I think AA would be good for me. In the back of my mind I wanna finish the rest of the drugs in my possession but realize that’s probably not the wisest choice.
Last time I went to AA I didn’t feel accepted, but I think i’d be more accepted now.
I definitely don’t need rehab, as I’ve done that before and I’m not that bad. And I’m not sure if it’d ever get that bad again. But I don’t wanna live a life of misery and wasting money on pointless substances when I’ve gotten high enough already.
Maybe you should taper off, so you don’t suffer withdrawal, but like I said, you should talk to a doctor.
What about inpatient treatment?
My drug of choice are hallucinogens. Right now I’m under the influence of LSD. I don’t get withdrawals. I don’t need inpatient. At worst I need IOP.
I’m not bad alcoholic, but if I have a couple beers, it leads to more beers, which eventually leads me to wanting to do LSD and shrooms and mescaline and ayahuasca, etc…, etc… It’s a vicious cycle.
Psychadelics seem pretty bad for someone with sz, but I don’t know.

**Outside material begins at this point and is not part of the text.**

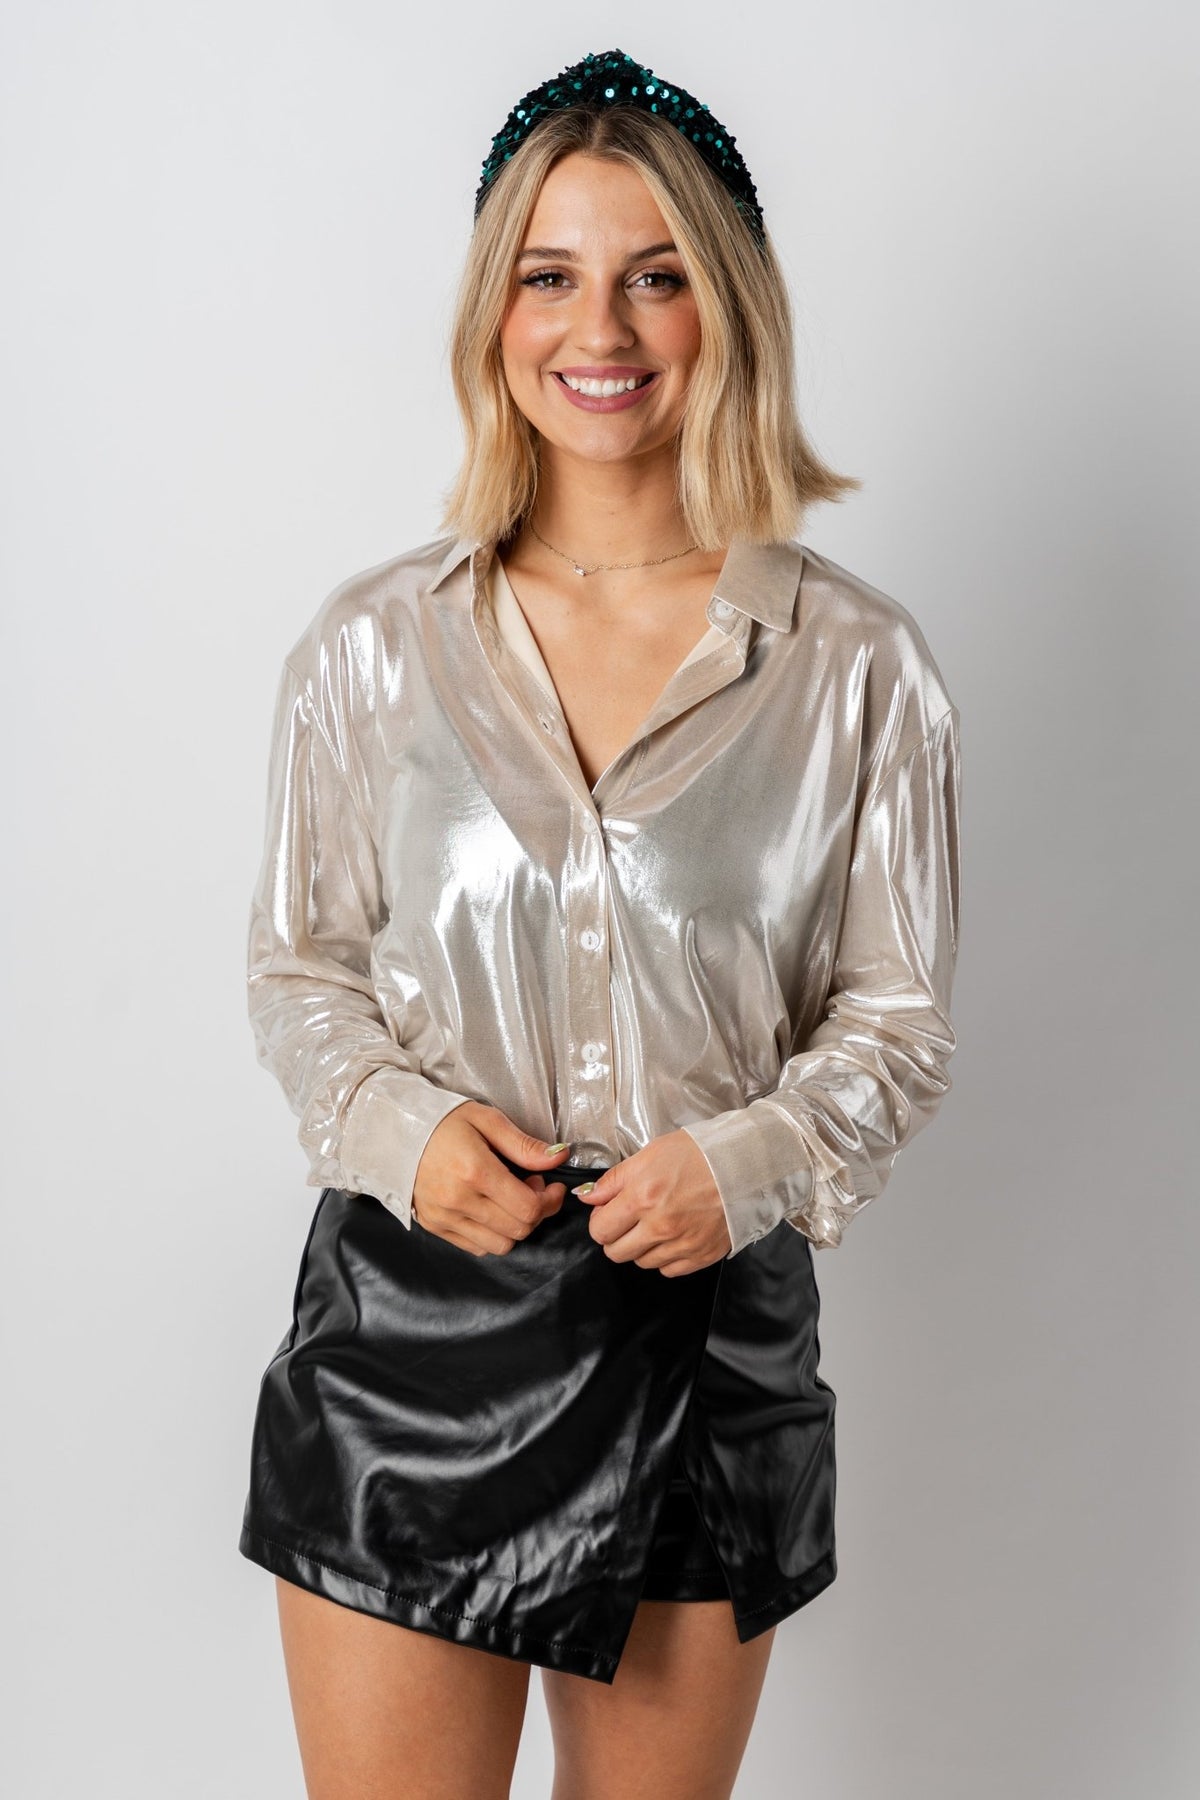 Metallic button up top champagne - Trendy Holiday Apparel at Lush Fashion Lounge Boutique in Oklahoma City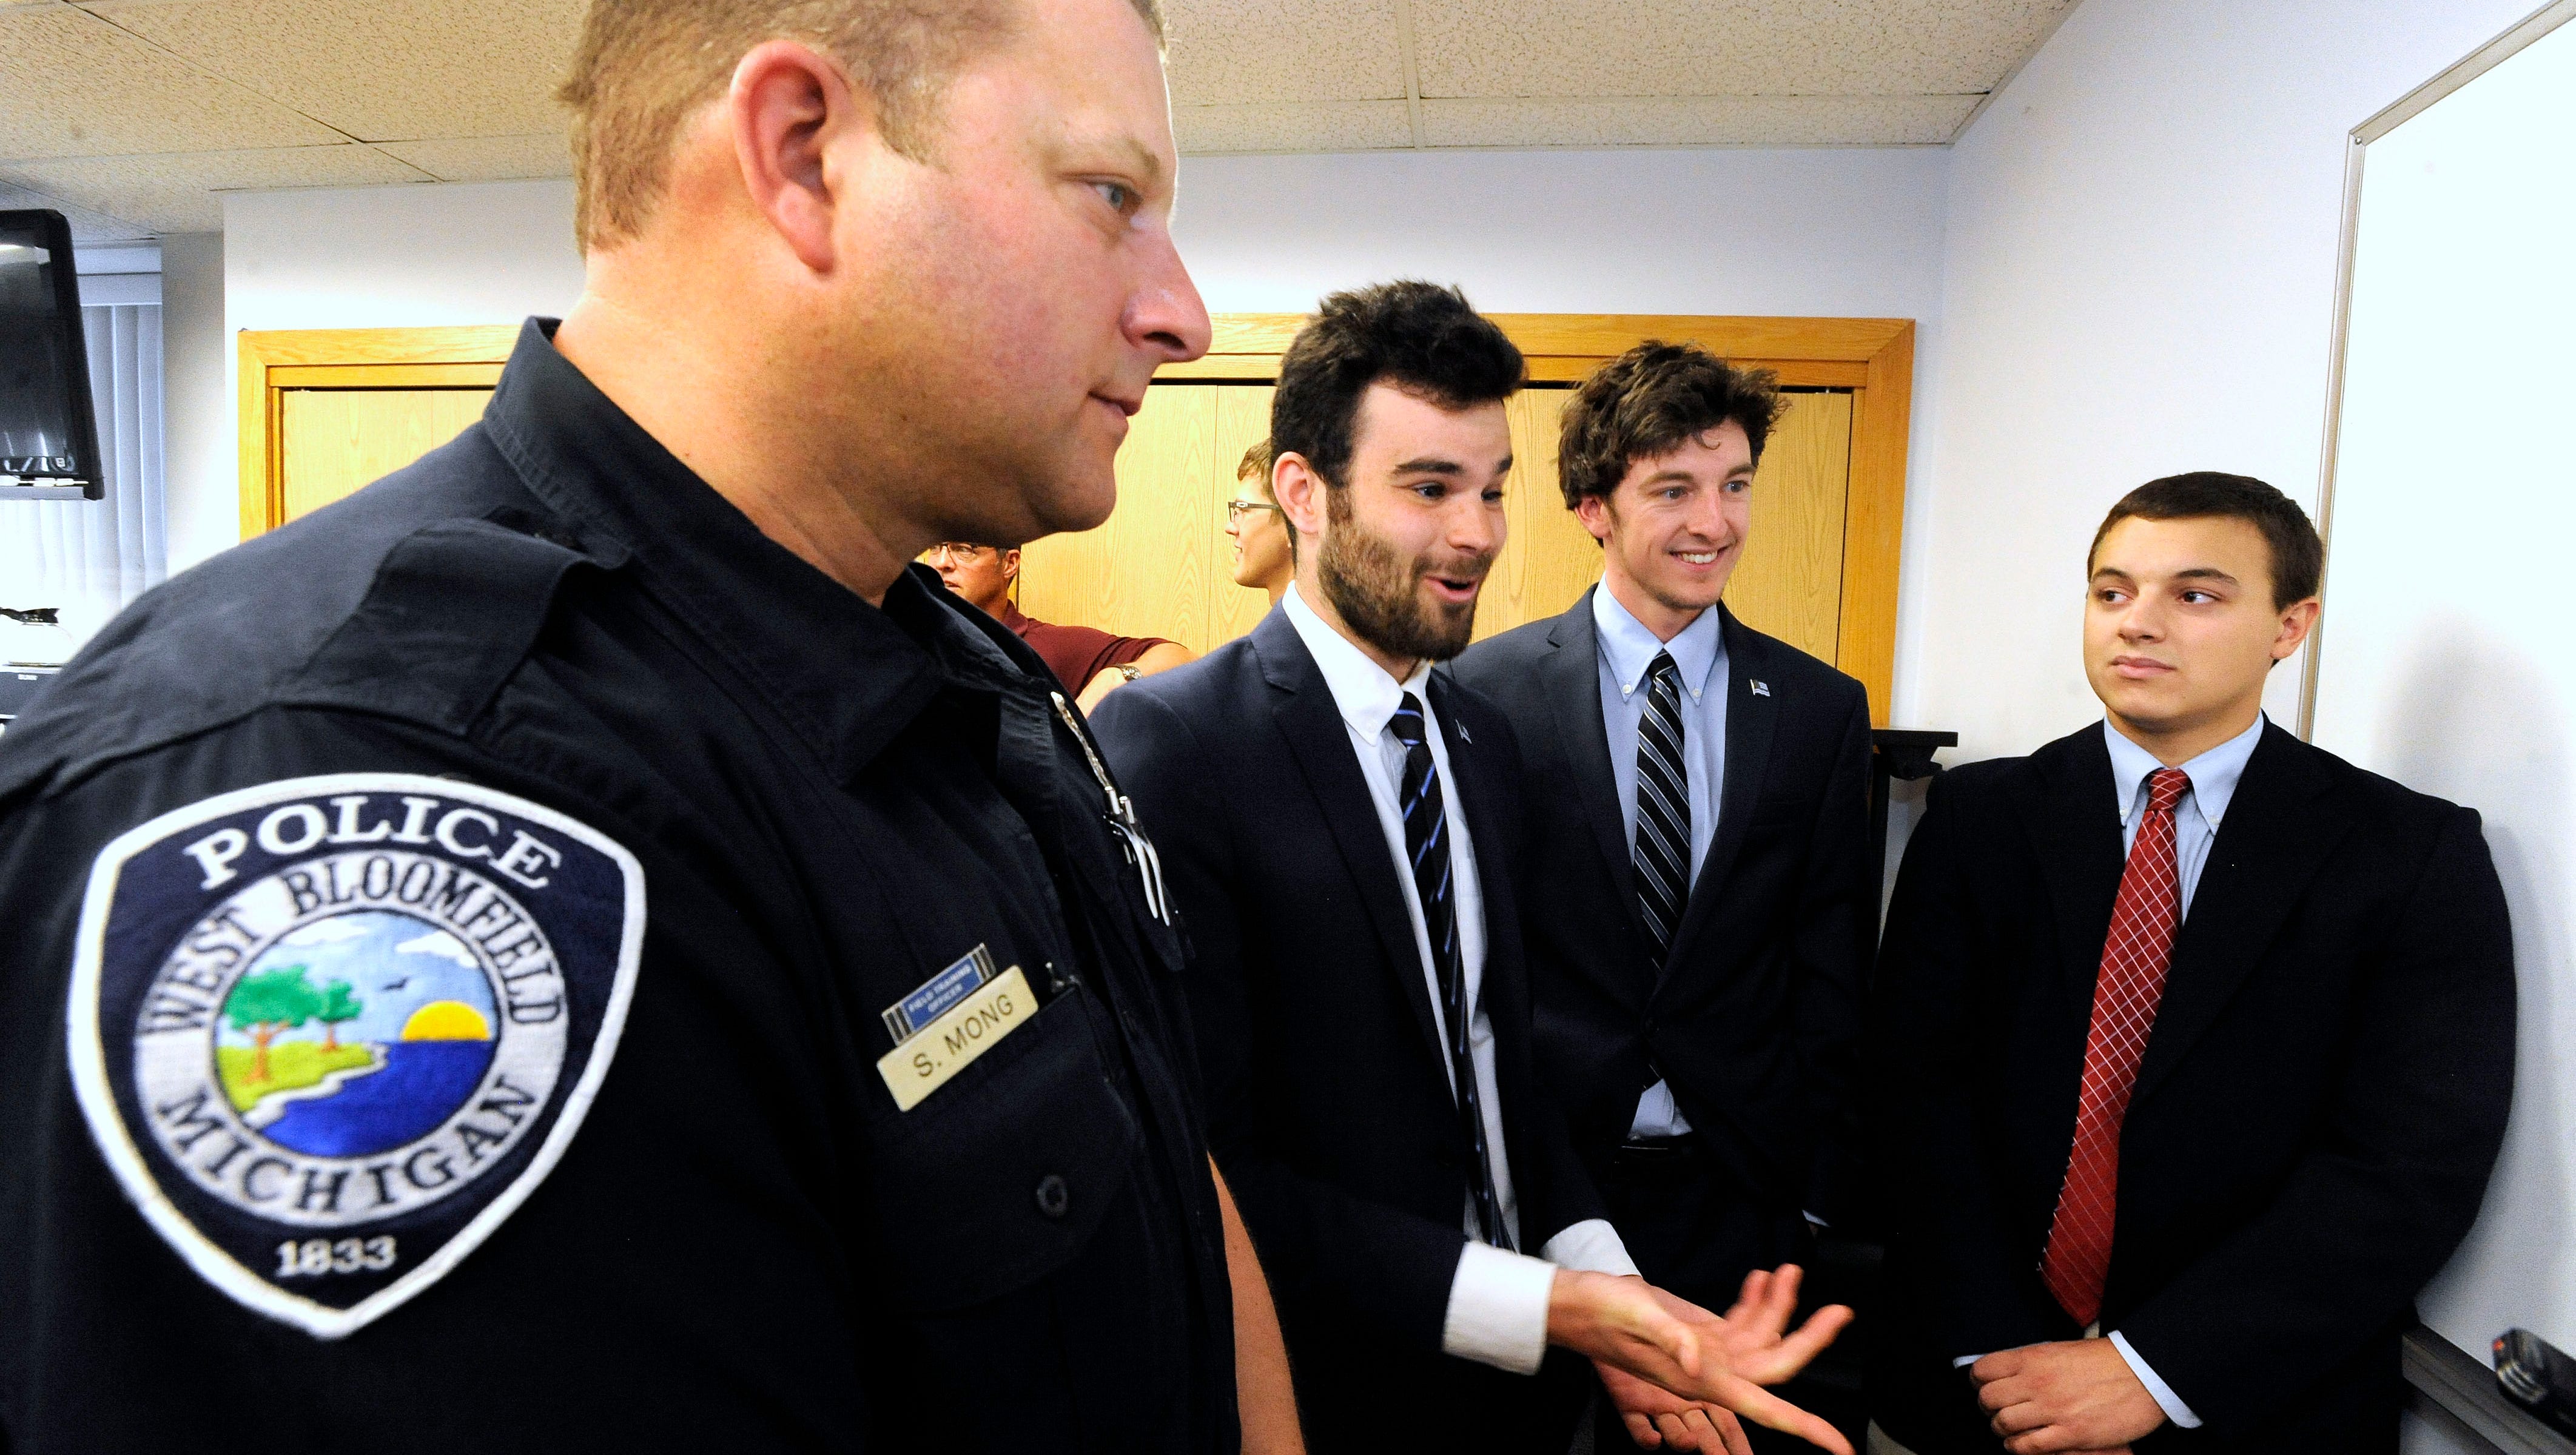 From left, West Bloomfield Twp. police officer Scott Mong, Thin Blue Line USA founder and president Andrew Jacob, vice president Pete Forhan and Mong's son, Devin Mong, 18, talk with The Detroit News after Devin, who is going to Virginia Tech, received a $2,500 scholarship check. Four children of West Bloomfield Twp. police officers each received $2,500 college scholarship checks,  May 18, 2017, during a ceremony at the department as attendees remember police officers who gave their lives in the line of duty during National Police Week.

Sobriety is the way to go man, its a long hard road but it is worth it.
Now that I’m sober, I’m addicted to food and other stuff. I’m trying to level myself out.
Maybe I can addicted to working out. That wouldn’t be the worst of addictions.
Best addiction I can think of.





















good on you 
…you will feel better for it… 
take care 
I was never ready before. There was still something to be conquered. Now I realize it’s unconquerable. And it’s not fun. And I will indeed feel better for it!
One of the things that motivates me is being the guy in the chair 30 years from now telling my war stories back in the 'teens of how I used to get messed up on all kinds of drugs and stuff…before you kids ever did
…talking to people half my age and them respecting me for being that OG who did drugs while they were still in the womb.
And all the great spirituality I learn in AA…I live for that ■■■■.
I don’t wanna get ahead of myself though.
wierd, what i wrote to you just disappeared… 
but you can do this…
take care 
You are tripping right now man?
It’s cool but you should definitely not be addicted to psychedelic drugs,for me and most people that I know psychedelics are just a toy,but don’t play with them too much.
Tripping isn’t a big deal for me anymore. Just another way to get high. That’s what happens when you’ve done it like 60 times. I can do it on consecutive days. That’s how I know I’m wrong. This is why I need to stop.
I’ve had bad trips in the past when tripping was like a big deal, man,…if you know what I mean. But now it’s just a feeling. Which is why I need to stop.
Then stop …dude man …we are here for you bro .
Even though this isn’t a drug site.
You say you “trip” like it’s no big deal. But I wonder if they are doing you harm that you may not even be aware of. You could be damaging yourself and not even know it.
“The journey of a thousand miles begins with one step”.
You have to start somewhere. Throw all your drugs out and hit an NA meeting. I got clean through AA, CA, and NA (as you might know). It was the best thing I ever did for myself. I was heading down a bad road before I got clean but as soon as I got clean I got a job and went back to school and started socializing a LOT more. It was no coincidence that these things happened to me as soon as I got clean.